This research compares psychiatric advance directive (PAD) policies across eleven international jurisdictions with standard advance directives (AD). The study finds PADs are typically more strictly regulated and have weaker legal force than medical AD, with greater barriers to use and more conditions allowing override of patient preferences.

Individual authors

Lead Authors:

  • Sophie Gloeckler - Institute for Biomedical Ethics and History of Medicine, University of Zürich, Switzerland
  • Matthé Scholten - Institute for Medical Ethics and History of Medicine, Ruhr University Bochum, Germany

Co-Authors:

  • Penelope Weller - Royal Melbourne Institute of Technology University, Australia
  • Alexander Ruck Keene - King's College London and 39 Essex Chambers, United Kingdom
  • Soumitra Pathare - Centre for Mental Health Law and Policy, Indian Law Society Law College, India
  • Ramya Pillutla - Centre for Mental Health Law and Policy, Indian Law Society Law College, India
  • Leticia Andorno - Institute for Biomedical Ethics and History of Medicine, University of Zürich, Switzerland

Senior Author:

  • Nikola Biller-Andorno (corresponding author) - Institute for Biomedical Ethics and History of Medicine, University of Zürich, Switzerland

Key insights

Key Insights

  1. Psychiatric directives face stricter regulation than medical advance directives globally

  2. Germany uniquely treats psychiatric and medical directives as legally equivalent

  3. Most jurisdictions allow overriding psychiatric preferences for emergency situations

  4. Northern Ireland and New South Wales lack legal psychiatric directive provisions

  5. Self-binding directives require stronger safeguards but enhance patient autonomy

  6. Capacity assessment requirements are often higher for psychiatric directives

  7. Treatment refusals in mental health face more restrictions than physical

  8. Policy differences may reflect unfair treatment of mental health patients

Did this resource draw on transformative evidence?

This document was not based on experiential expertise from service users.

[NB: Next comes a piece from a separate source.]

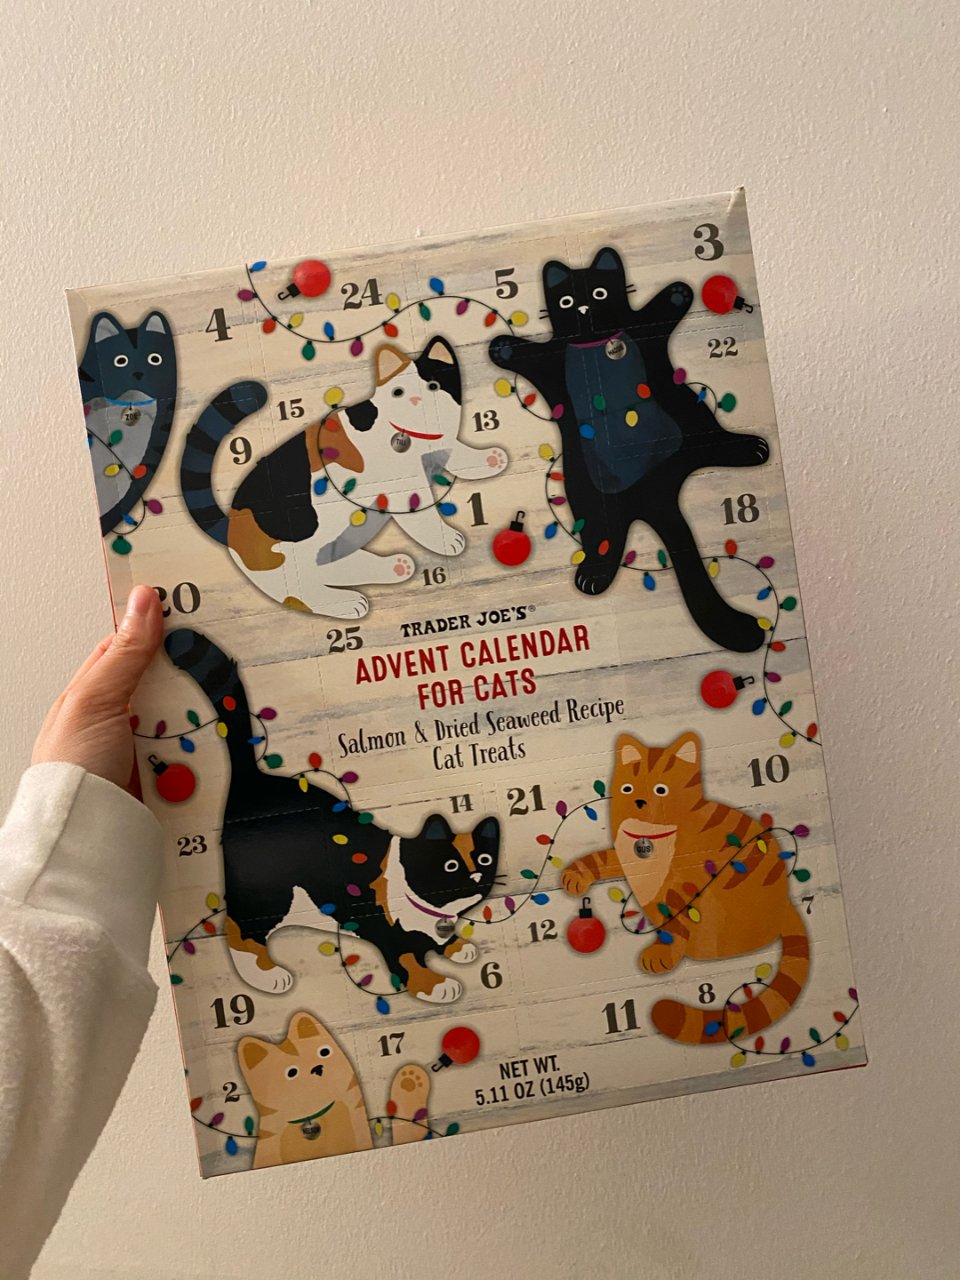 Calendar cats treats

It was a legal and policy analysis conducted by academic experts in law, clinical practice, and ethics. While the authors reference some studies that included service user perspectives (noting users prefer binding PADs), the methodology involved expert legal review of statutes across eleven jurisdictions, not direct experiential input from people with lived experience of psychiatric advance directives.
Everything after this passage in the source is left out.